Friday, May 15th, 2009

siegel1 I don’t want to be picky, but I have to admit that as a fear expert I was more affected by President Obama’s statement a few weeks ago in response to the emerging swine flu threat that we should all wash our hands, then I was to Vice President Biden’s blatant misstatement about not flying on planes. Let me explain: clearly, we carry many bacteria and viruses on our hands, and in fact most of our stomach viruses as well as cold viruses are passed back and forth this way. It is hard to fault anyone for recommending hand washing, but consider that Obama’s statement carried the subliminal message that we might be carrying this virus, despite the fact that the statistical chances of that then and now remain extremely low.

The president followed that up by asking Congress for $1.5 billion to prepare us for this flu, an amount that seems totally reasonable until you consider what other health care needs it might be taken away from. Stockpiles of the anti-flu drug Tamiflu will have to be discarded if they aren’t used in 5 years, and we still have no idea what the extent of spread or severity of this swine flu virus will be. Preparing a vaccine seems wise, taking needed resources away from current pandemics like TB, HIV, or even the yearly flu does not.   It is paramount that at a time when our government is considering expanding the system for health coverage, that issues of allocation and proper use of resources be at the top of the list.

The Centers for Disease Control and Prevention has been front and center during the initial stages of the swine flu outbreak, and they have been very effective at identifying and tracking the virus, somewhat less effective at explaining it in context during press conferences (this may have something to do with the nature of the beast – press conferences themselves immediately become amplified).

I have more of a bone to pick with the World Health Organization in terms of their poor conveyance of contextual information. The WHO all too often seems like “fright night” though they too have been tremendous when it comes to “boots on the ground.”

Check out my article in today’s Slate magazine about how the WHO has dealt with swine flu.

Dr. Marc Siegel is an internist and associate professor of medicine at the NYU School of Medicine. He is a FOX News medical contributor and writes a health column for the LA Times, where he examines TV and movies for medical accuracy. Dr. Siegel is the author of “False Alarm: The Truth About the Epidemic of Fear and “Bird Flu: Everything You Need to Know About the Next Pandemic.”  Read more at www.doctorsiegel.com

Swine Flu Science

Monday, May 4th, 2009

siegel1The following statements are where I think we are currently on the new swine flu H1N1 influenza A strain. I’ve also communicated with Drs. Ann Schuchat and Nancy Cox at the CDC, who responded that they agree with these comments.

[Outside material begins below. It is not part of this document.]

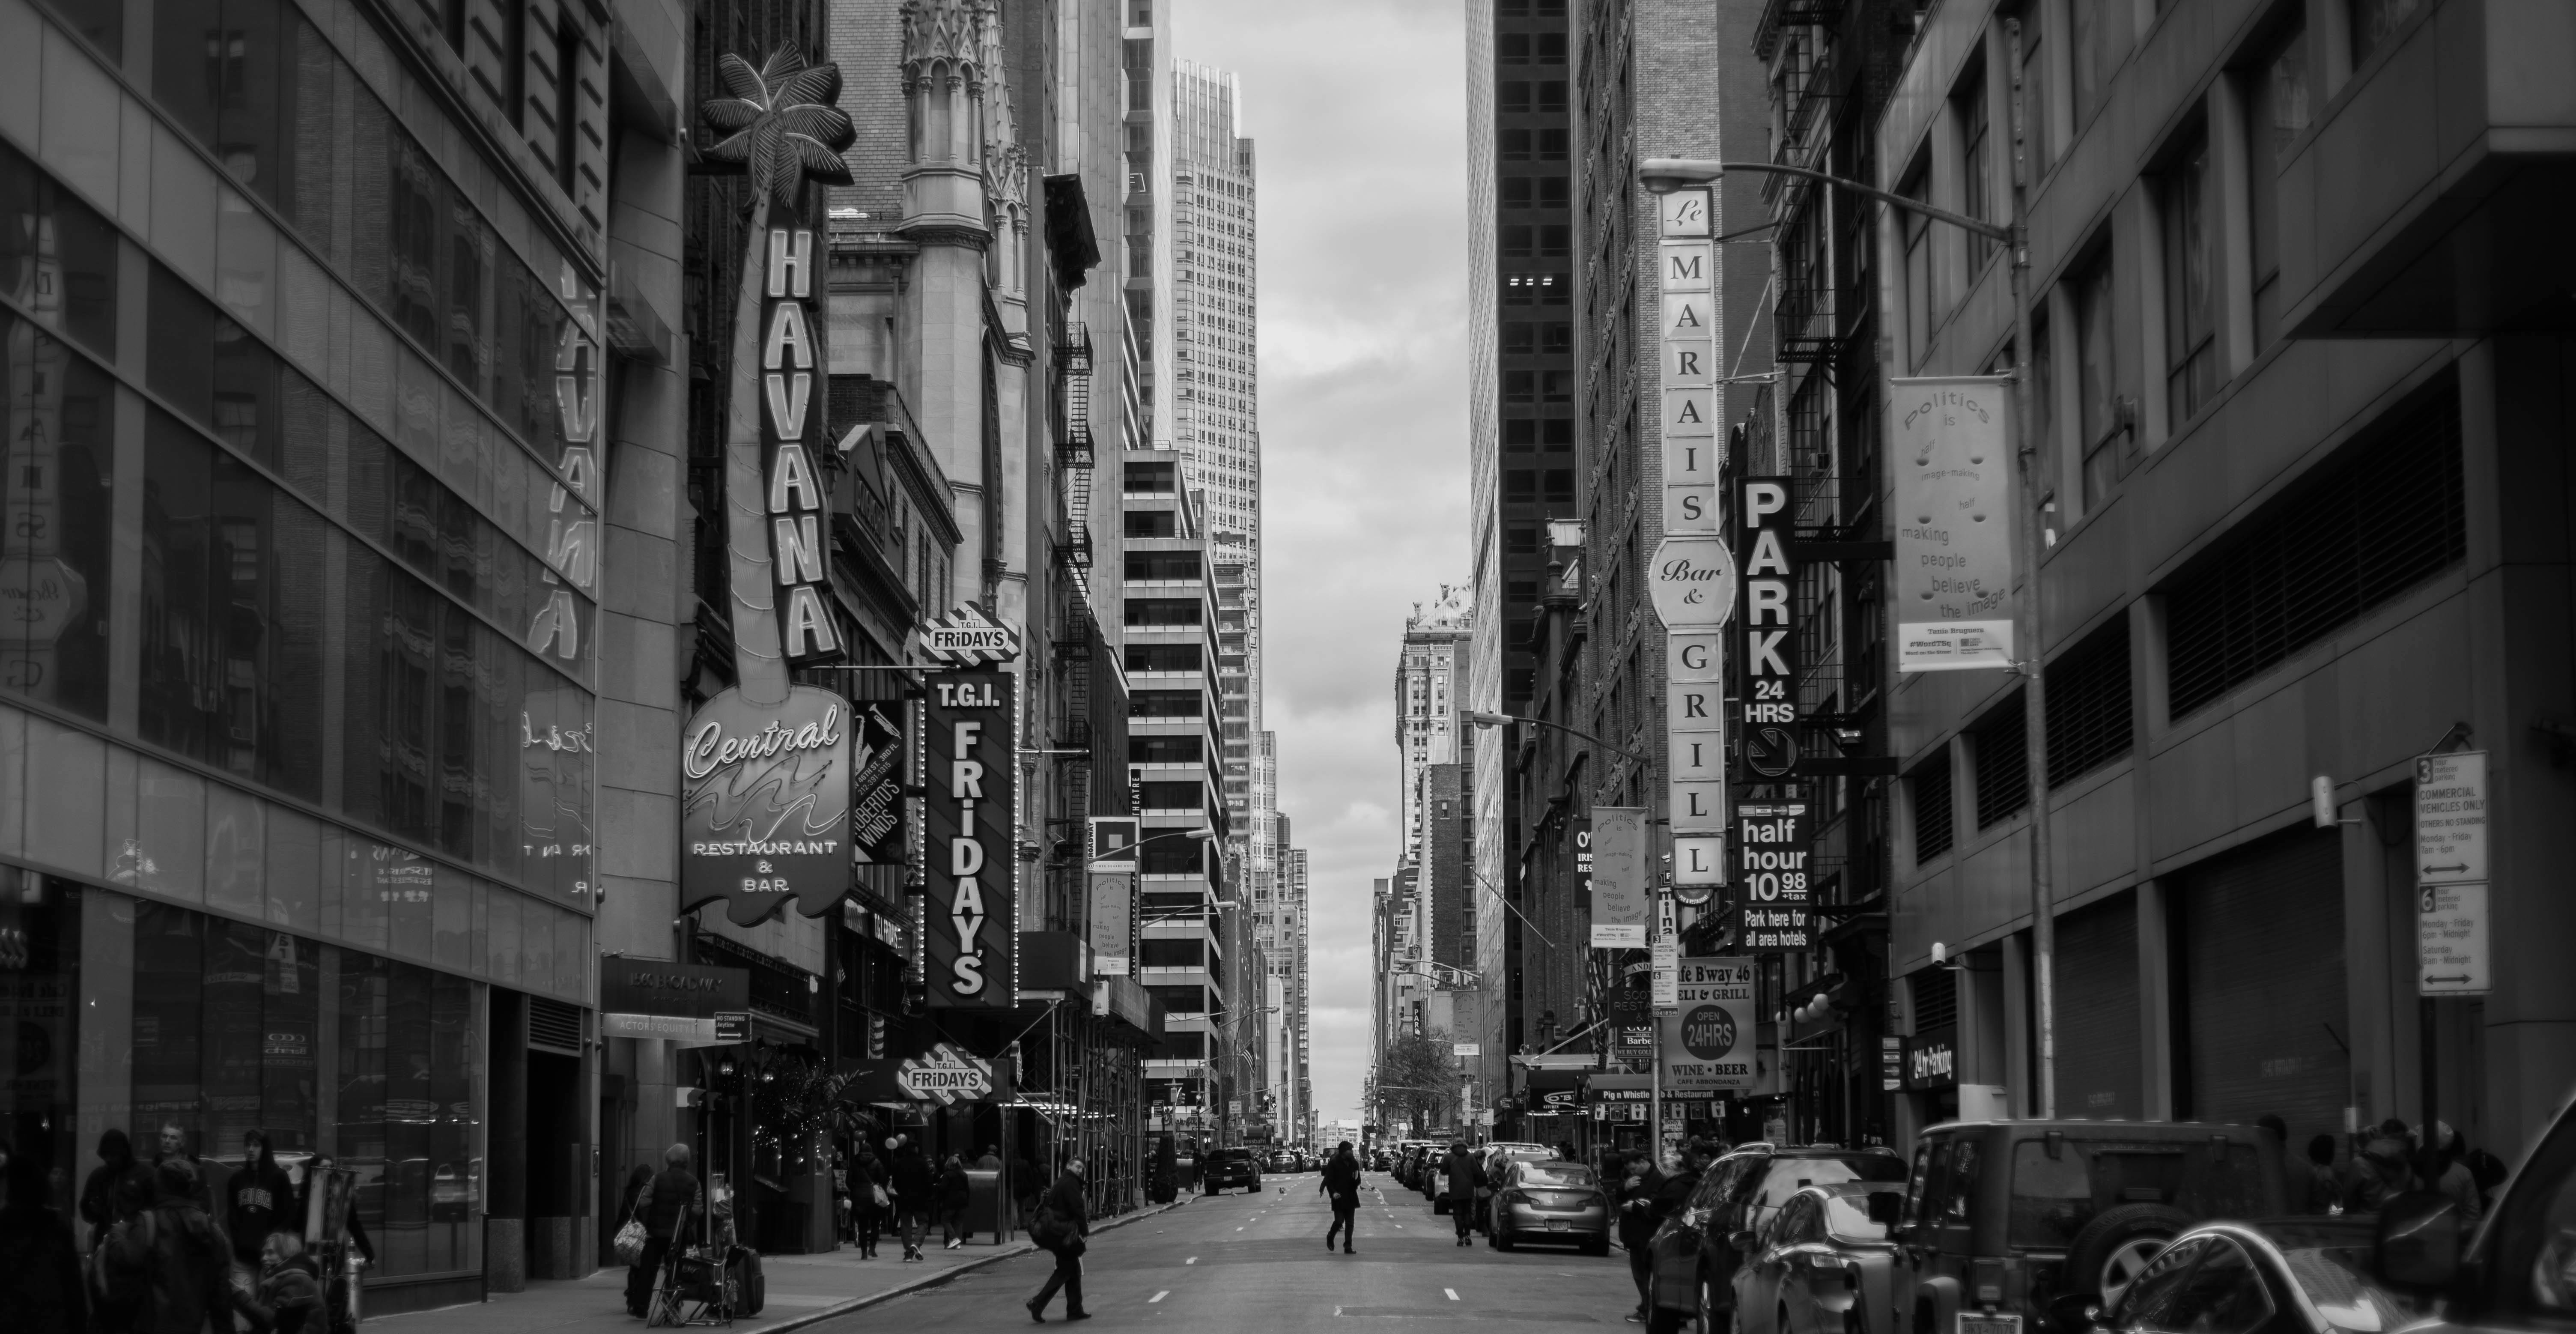 Chùm ảnh đẹp nhưng buồn đến lặng người: Thành phố New York nhộn nhịp bỗng  hóa ảm đạm trong những ngày Covid-19 bao trùm

  • The H1N1 influenza A is a new strain — a swine flu strain — with some genetic components that are characteristic of human and bird flu viruses. It bears watching and tracking, as any new influenza does.
  • It is spreading human to human, and may have the attack rate of a typical yearly influenza A, but this is particularly difficult to determine because of both the overreporting (everyone thinks they have it), and under reporting (we are not really tracking the full spectrum of disease as we are not testing those with mild symptoms). It is also too early to really determine transmissability, because there are too few cases.
  • Virulence appears to be low and if this continues, it will be a mild pandemic at worst. It currently appears to be very transmissible, but the outbreak could wane further if transmissability decreases. A severe pandemic will likely result only if it mutates into a more virulent strain. But assessment of the strain’s virulence is also based on a limited number of cases.
  • It is worthwhile to begin preparing a vaccine, but we don’t yet have the upgraded technology (mammalian cell culture, reverse genetics) in regular use for flu, so we may have to rely on the older technologies (using hen eggs to provide a medium for growing the dead virus). This has yet to be determined.
  • It is likely to wane soon due to summer weather, but bears watching carefully over our summer in the southern hemisphere, and mapping carefully for resurgence in the fall.
  • Since the WHO designations for pandemic alert don’t include severity of illness or even true extent of illness, raising the pandemic alert levels have led to the public misperception that massive deaths are about to occur, which is part of the reason why the fear level is so high. It is best to provide calm accurate contexted information to avoid this, as I point out in “False Alarm; the Truth About the Epidemic of Fear.”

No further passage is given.